Ces plantes sont ensuite séchées sur des séchoirs, battues par les exploitants agricoles. Les plantes sont ensuite sélectionnées pour n’extraire des récoltes que les lots de plantes disposant des qualités intrinsèques permettant d’obtenir le niveau qualitatif exigé pour le mélange par le cahier des charges.
Elles sont triées puis elles sont coupées. Ces opérations sont effectuées plante par plante afin d’adapter au mieux et de maîtriser les différents paramètres de ces différents processus. Une fois ces étapes passées, les lots de thym, romarin, sarriette, origan et basilic sont constitués essentiellement de leurs constituants aromatiques, c'est-à-dire les feuilles, et exempts d’un maximum d’éléments étrangers, minéraux ou végétaux et de leurs tiges.

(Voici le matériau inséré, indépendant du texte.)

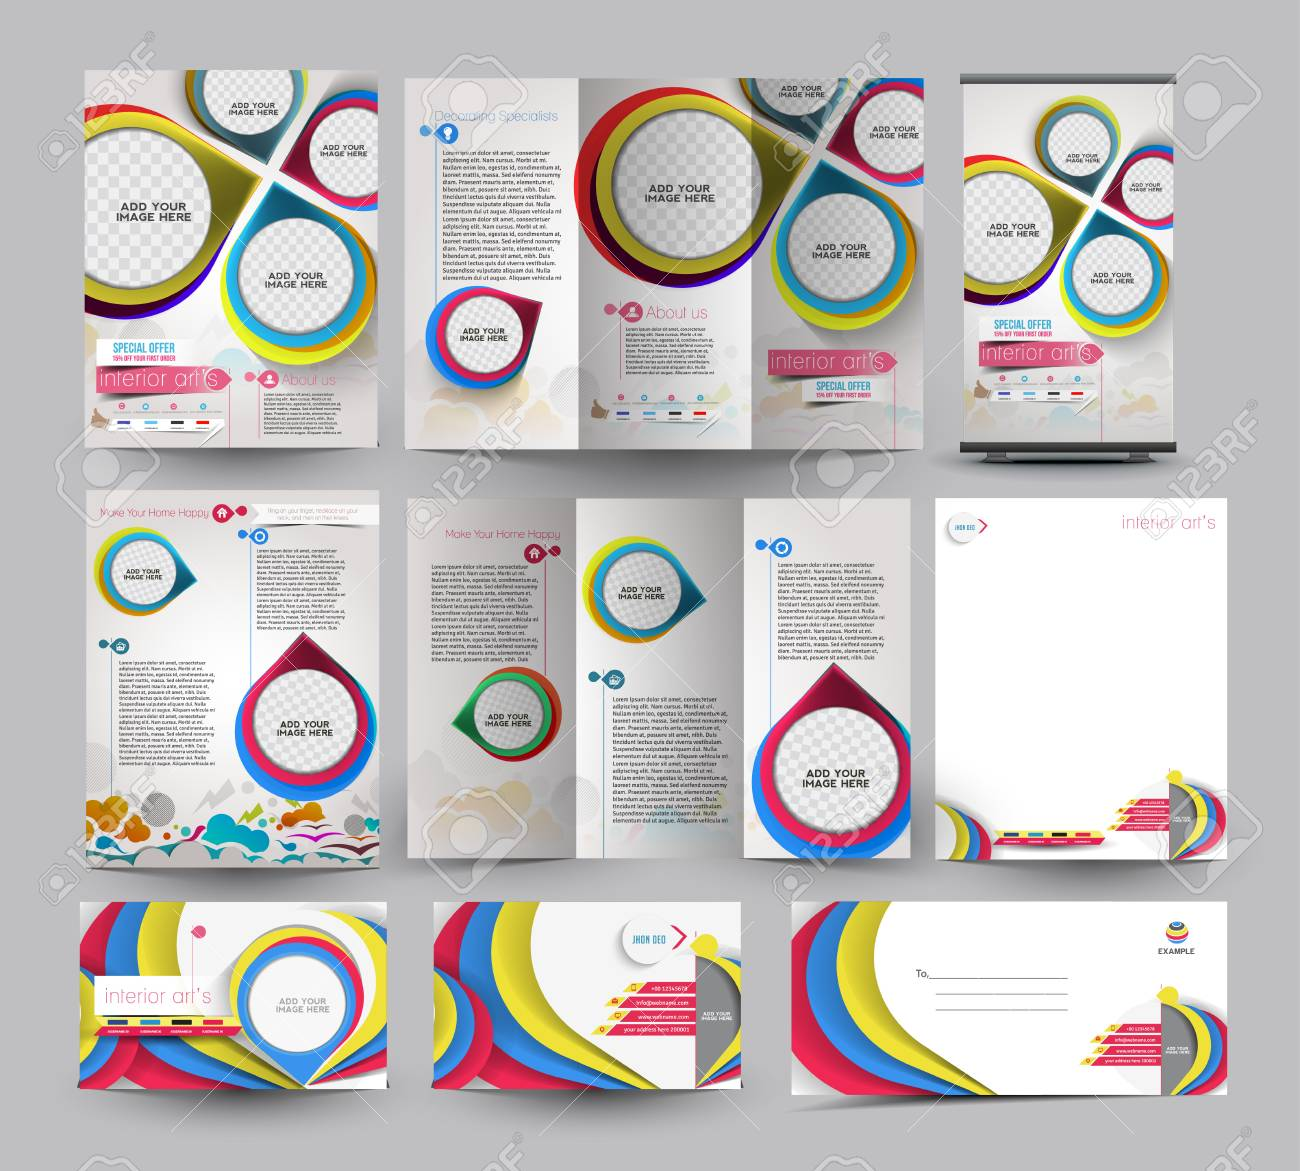 Interior Designer Business Stationery Set Template. - 41833674
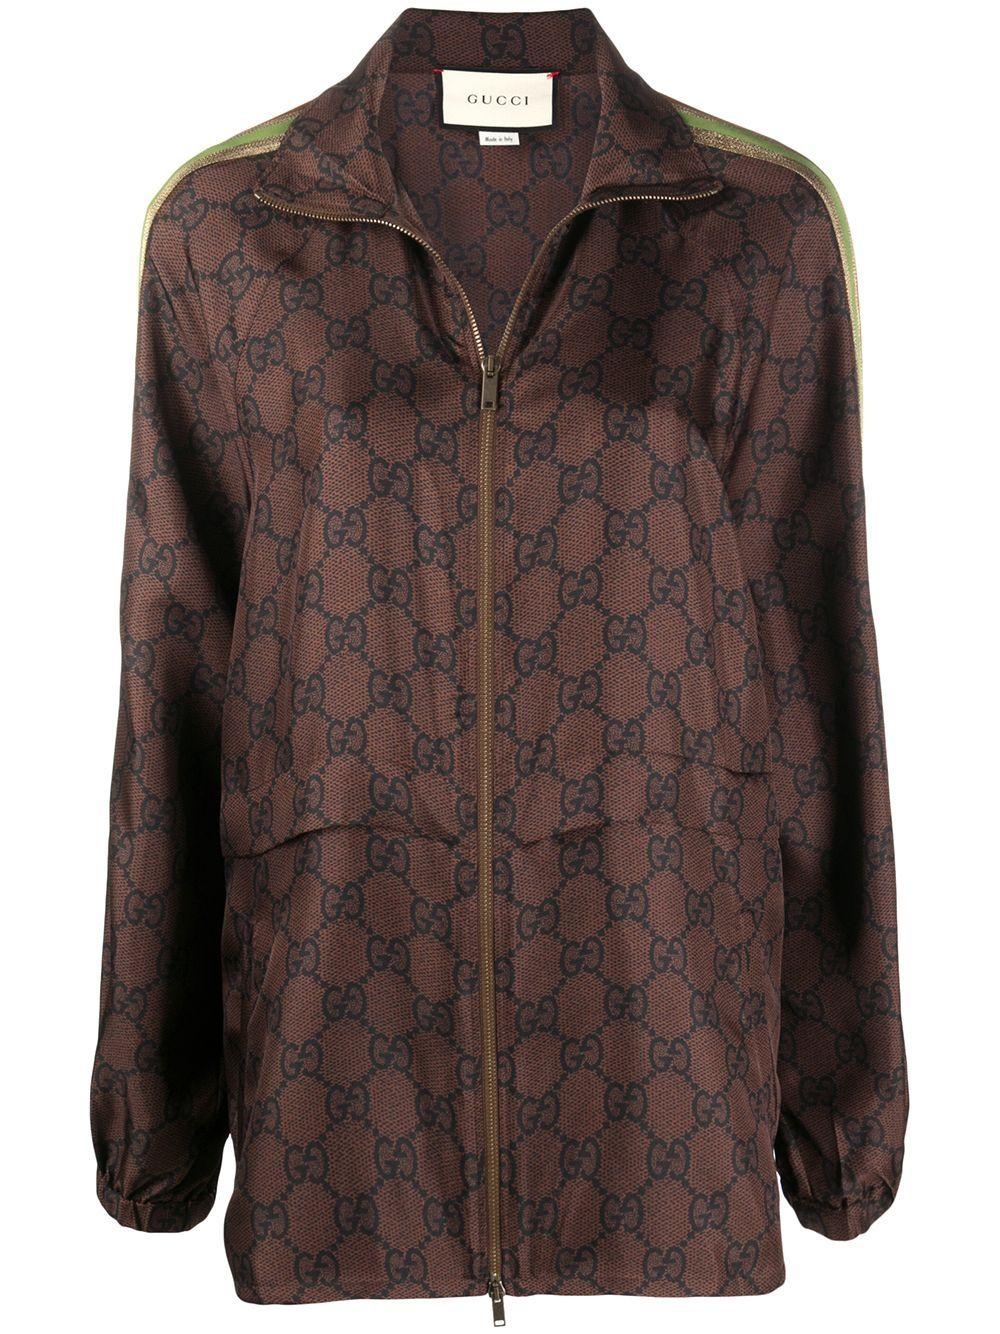 Silk Blend Gg Supreme Jacket

Elles sont ensuite mélangées dans les proportions définies ci-dessus. Le mélange est systématiquement débactérisé à la vapeur afin de s’affranchir du risque de présence de micro-organismes pathogènes.
Après un contrôle final, le mélange est conditionné en vrac ou en unité de vente consommateur.
L’ensemble de ces opérations fait l’objet d’enregistrements permettant d’assurer la traçabilité ascendante et descendante du produit, de la parcelle jusqu’au consommateur.